=== Begin Enclosure ===

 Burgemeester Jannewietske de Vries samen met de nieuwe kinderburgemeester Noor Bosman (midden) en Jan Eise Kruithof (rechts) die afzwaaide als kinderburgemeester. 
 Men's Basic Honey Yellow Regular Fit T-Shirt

=== End Enclosure ===
=== Begin Enclosure ===

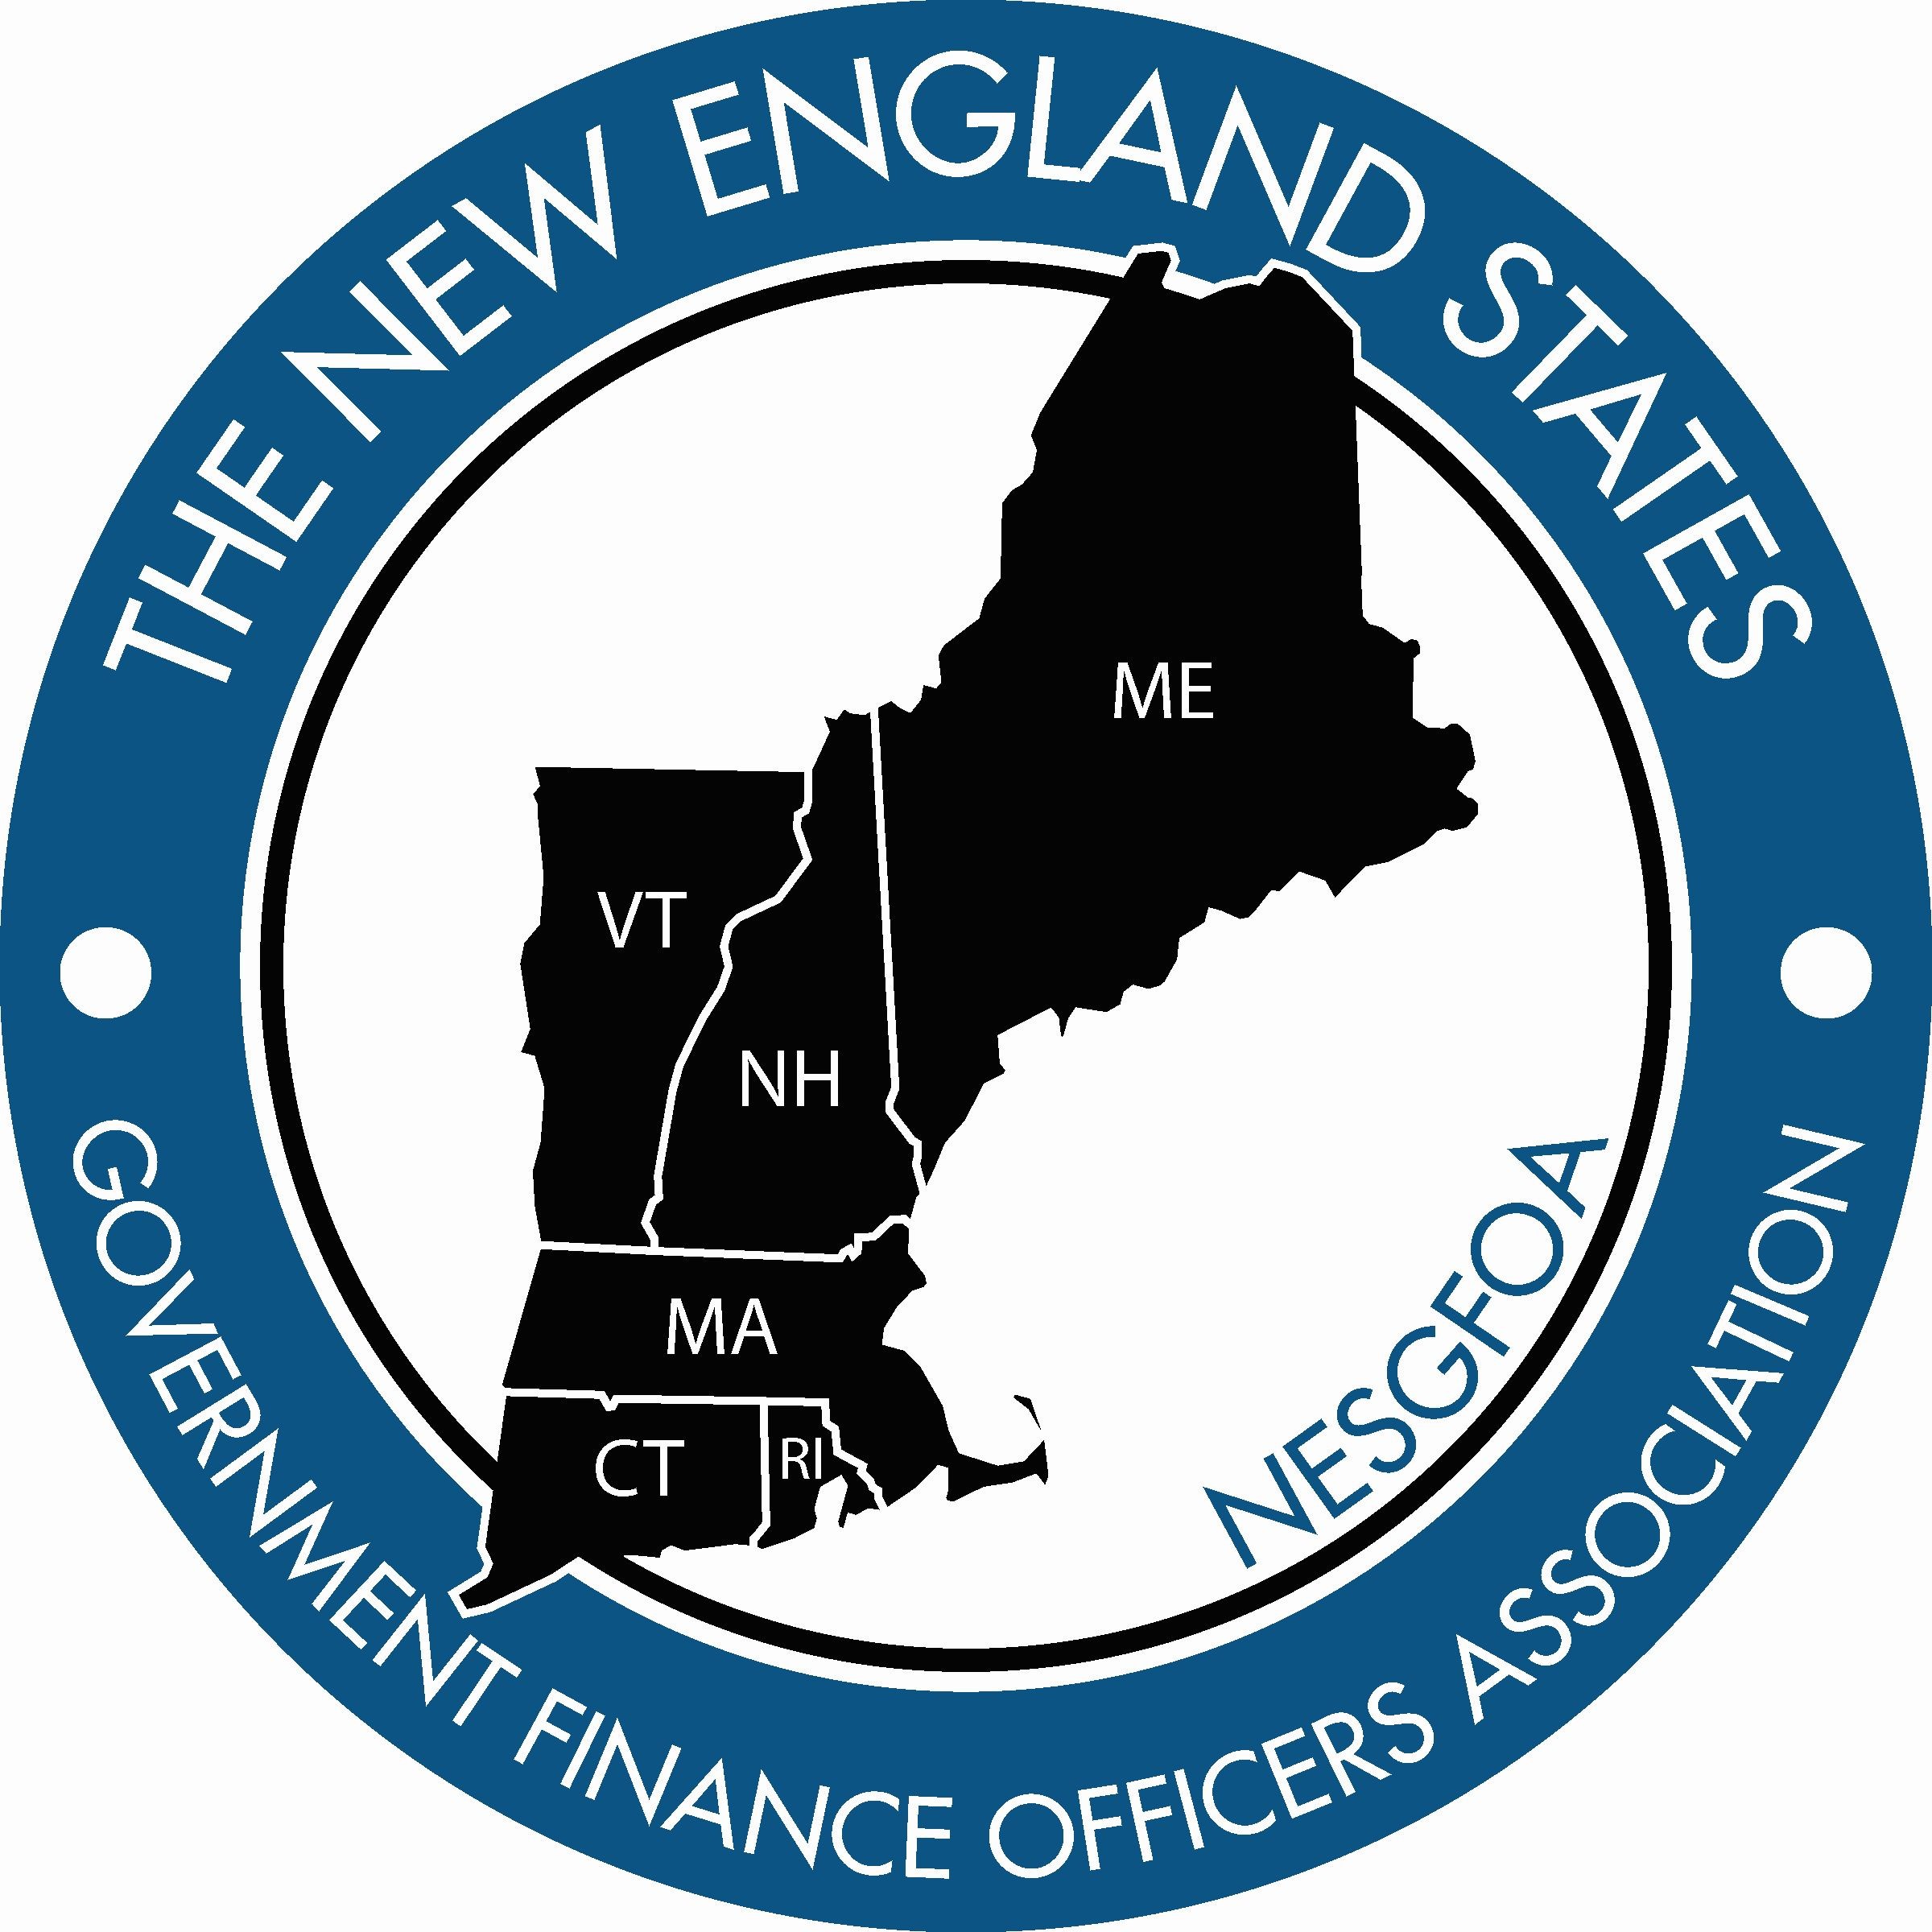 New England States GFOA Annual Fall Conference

=== End Enclosure ===
=== Begin Enclosure ===

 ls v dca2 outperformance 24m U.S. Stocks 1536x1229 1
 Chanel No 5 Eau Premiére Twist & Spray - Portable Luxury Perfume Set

=== End Enclosure ===

Task directions:
Reproduce the entries above exactly, but only the lines between the line holding "Burgemeester Jannewietske de" and the line holding "Men's Basic Honey Yellow Regular Fit T-Shirt", inclusive.

Reply:
 Burgemeester Jannewietske de Vries samen met de nieuwe kinderburgemeester Noor Bosman (midden) en Jan Eise Kruithof (rechts) die afzwaaide als kinderburgemeester. 
 Men's Basic Honey Yellow Regular Fit T-Shirt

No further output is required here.